The Plan includes a claw back provision which provides that if the Board determines that there was executive misconduct in a prior period in the preparation of the financial results for that period, the Compensation Committee will determine whether the restatement was material and was a result of executive misconduct in preparation of the financial information, and if so, to what extent “covered payments” should be returned to the company to the extent that such payments were overstated as a result of the change in financial condition. Covered payments include incentives paid to the executive found to have actively participated in the executive misconduct for performance during the fiscal year(s).
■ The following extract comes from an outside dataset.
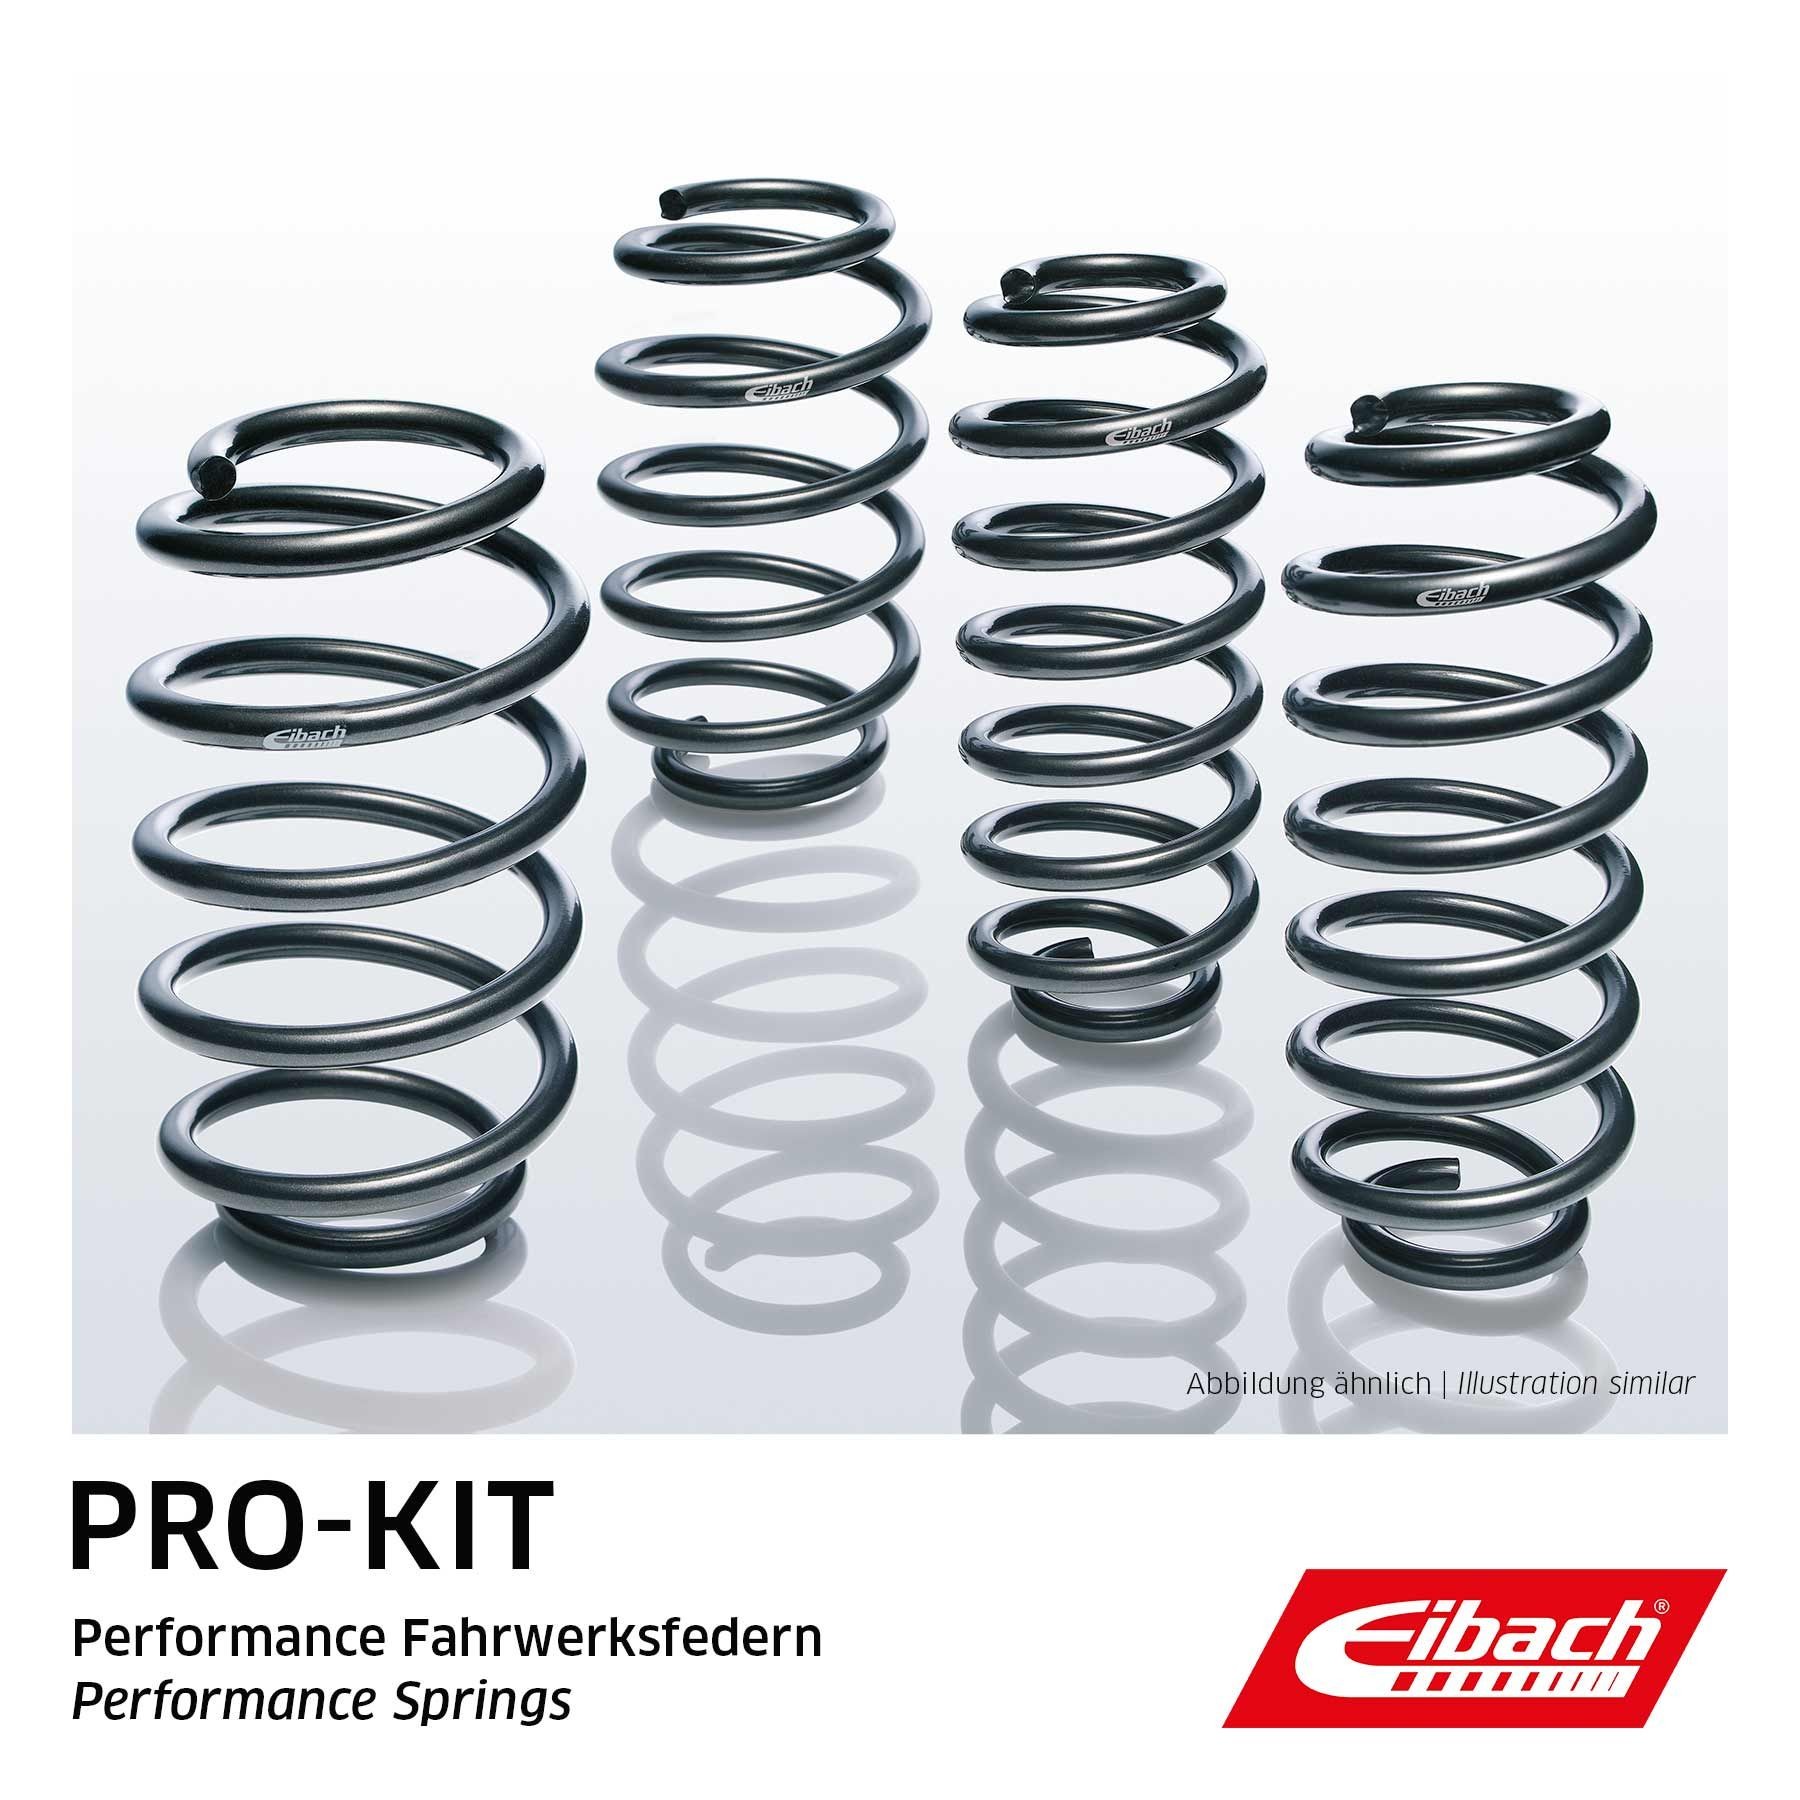 Volkswagen ID.3 Damping parts - Suspension kit, coil springs EIBACH E10-11-001-01-22

4.      The plan design is intended to comply with 162(m) requirements.

 
5.
The 2010 Annual Executive Bonus Plan for the chief financial officer and chief legal officer is concurrently being amended to provide that, effective for calendar year 2011 and thereafter, all awards under that plan, which previously were to be paid in cash and restricted stock units, will be paid solely in cash and will not be deferred.

 
 

 



Exhibit A


Definitions of modified EBITDA, modified free cash flow and committed capital


modified EBITDA for the year is calculated as follows:

Net income plus provision for income taxes, net interest expense and depreciation and amortization equals EBITDA.  EBITDA plus non-cash share based compensation, executive bonus accrual and other non-recurring adjustments equals modified EBITDA.


modified free cash flow for the year is calculated as follows:

modified EBITDA less capital expenditures, cash interest paid, change in working capital and scheduled principal payments on term debt plus interest income and other non-recurring adjustments not considered in modified EBITDA equals modified free cash flow.


Committed Capital for the year is calculated as follows:

short-term debt plus long term debt plus stockholder equity less cash and cash equivalents equals Committed Capital


(example calculations are attached to the original plan document)




 
 

 

Exhibit B

Definition of one-time costs


Items defined by GAAP:

·  
Restructuring charges
·  
Non-recurring items
·  
Impairment charges

Items specified below:

·  
Start-up or shut down expenses for plants or business lines
·  
Transaction expenses related to acquisitions or dispositions
·  
Inventory write-offs
·  
Penalties or charges related to prior periods (i.e. Argentine power penalty in 2009)
·  
Litigation awards, charges or professional fees related to litigation or threatened litigation
·  
Fixed asset write-offs

 
 

 

Exhibit C

Framework for relative performance measures


The following relative performance measures, among others will be used by the Compensation Committee to determine if and how much of a reduction should be applied to the 2011 annual long term incentive plan. It is expected the Committee will examine relative performance quarterly.

Relative performance will be measured against the following:
1.  
Peer Group
2.  
Reference Group
3.  
S&P Small Cap Index
4.  
S&P Metals Index
5.  
The Committee may add other “groups” or delete “groups” at any time, including after the plan period, but before a final decision on awards is made.

Relative performance measures may include and may not be limited to those below.
1.  
TSR
2.  
ROE
3.  
Net operating profit after tax (NOPAT)/Committed Capital (CC)
4.  
EBITDA growth
5.  
NOPAT growth
6.  
The Committee may add other performance measures or delete performance measures at any time, including after the plan period, but before a final decision on awards is made.
7.  
The Committee may adjust any measure in its judgment to insure a valid comparison.

Possible actions based on relative performance

First quartile – No haircut
Second quartile – In concept, a reduction of 25% to 50%; 25% if performance is close to the first quartile, 50% if close to the median.
Third quartile – In concept, a reduction of 50% if close to the median, 75% if close to the fourth quartile.
Fourth quartile – Significant reduction and possibly no award.

The Committee will work with the Company when performing it analysis. The Committee ultimately will use its judgment and may weight some measures more heavily than others. The Committee will communicate its conclusions to the Board and request that the Board support the Committee’s conclusions.